After that, having hit all the tourist hot spots the day before, we told the boatman that we did not want to go to any factories where it is all about commissions, but rather to just see some of the smaller villages so he said that he would take us to his village which was exactly what we wanted! As we passed through the water lilies and pulled up to his family's place, Kurt and I stepped off onto this footbridge of bamboo, then Ven, Anita and Therese. The family had come down to welcome us and were standing on their steps. As the words, "welcome to our house"
were still hanging in the air -- crack -- the bamboo dock began to break, sending us all into the water. Kurt and I stepped up into the house and the rest back into the boat amid gales of laughter into which we all joined. Nice introduction!
That pretty much set the tone of our entire visit as we were welcomed upstairs into their world where there were women rolling cheroots while the grandmother watched their grandchildren. They worked so quickly and effortlessly as we watched in amazement, but the real stars were the little boys who kept us all in stitches as they posed for us and we snapped photos to their delight and also put temporary tatoos on them with the Canadian flags. Tea and papaya appeared out of nowhere and without the help of language we spent 2 hours there, sharing the international language of laughter.

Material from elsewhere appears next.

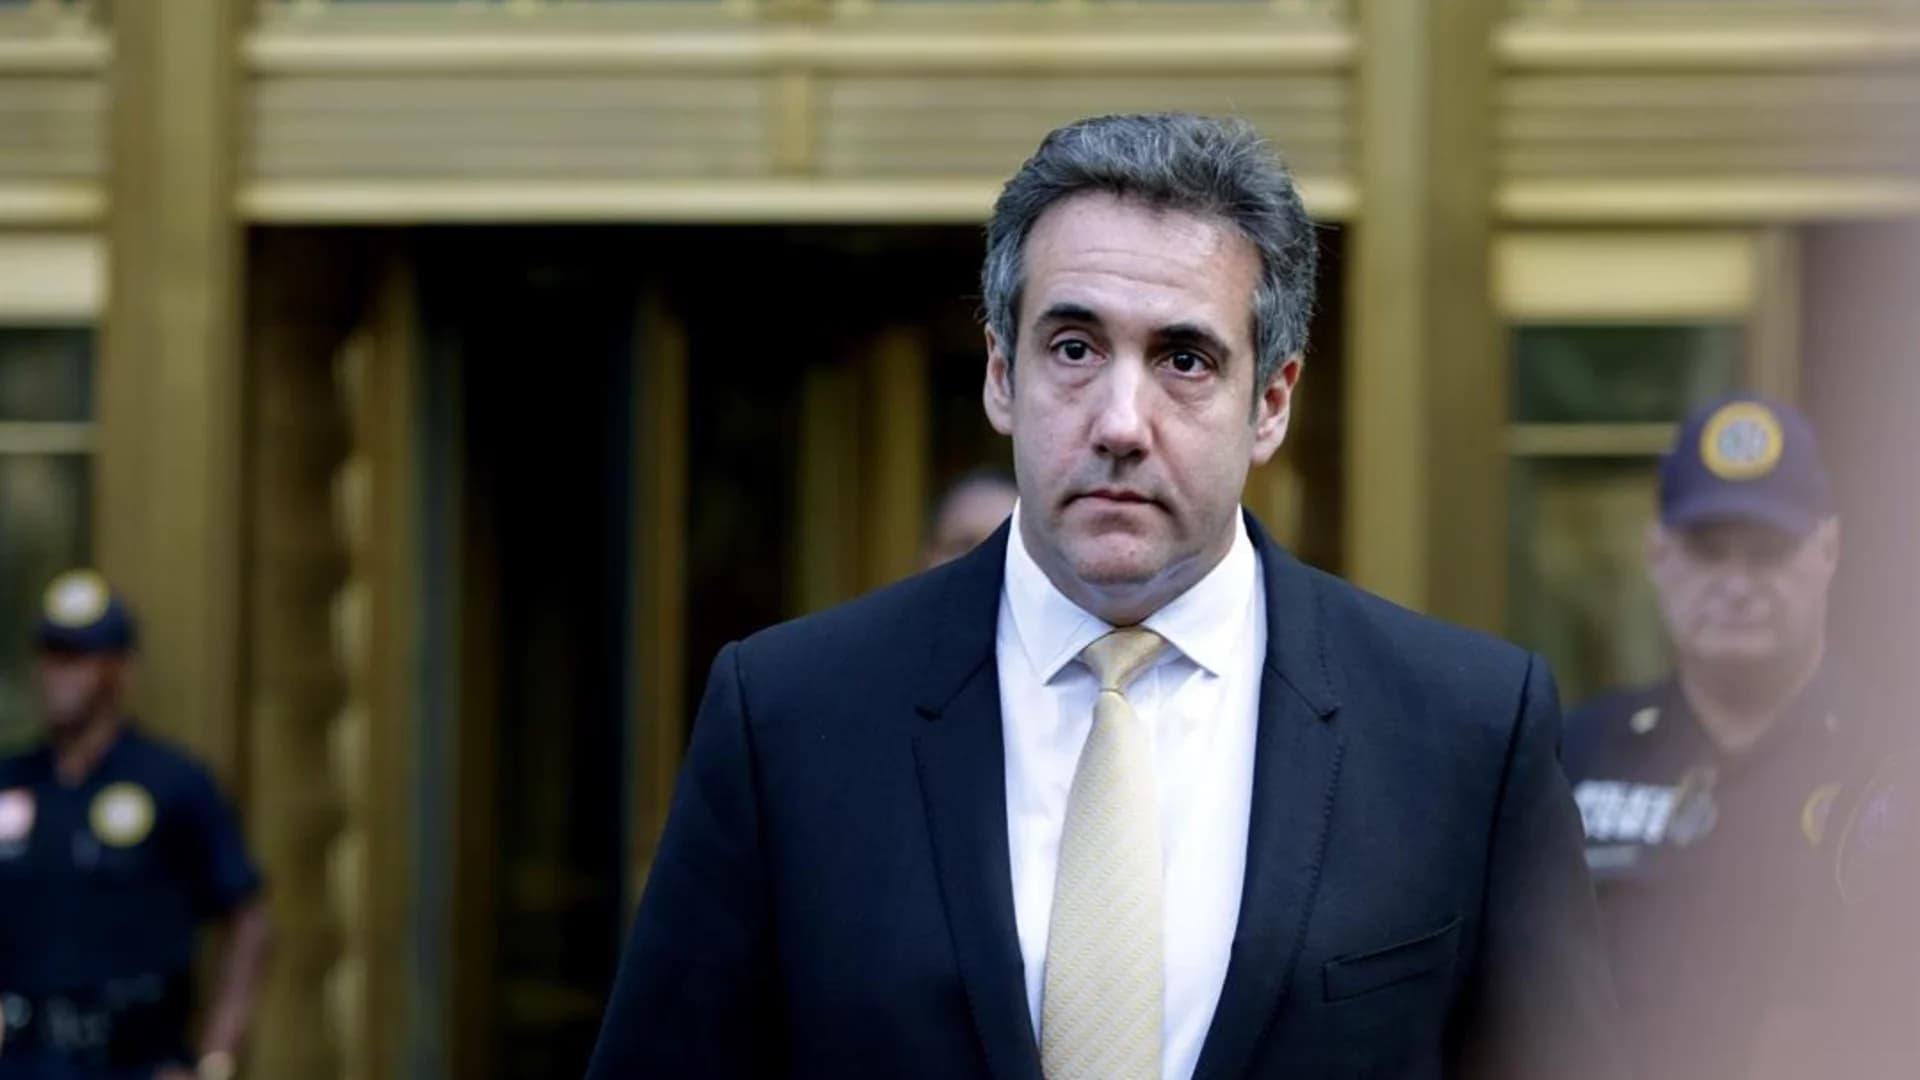 Special counsel: Ex-Trump lawyer Cohen met Russian offering 'political synergy'

Sadly it was time to go, bamboo dock repaired which we walked across gingerly, we left, small faces pressed up against the glass and waving goodbye to us until we couldn't hear the "bye byes" anymore. Smiles still on our faces we savoured the experience all the way back
to the town and thought about the kindness of strangers who have so little and of their grace and hospitality.

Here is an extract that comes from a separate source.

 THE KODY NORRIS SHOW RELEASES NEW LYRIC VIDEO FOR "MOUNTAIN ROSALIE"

Contemplated it all over again during our last pizza dinner and the best mojitos ever as we all toasted Inle Lake. Sarah and Laura had already left and Ven, Anita and Therese would leave the next day so we were on our own again. And we realized that it was a good thing that we had not started off in Inle at the beginning of our trip as we might never have left. The area had bewitched us with its charms, the landscape, the people and our fellow travellers all conspired to make it a highlight of our trip, but we had many more miles to cover so we were to be on our way soon.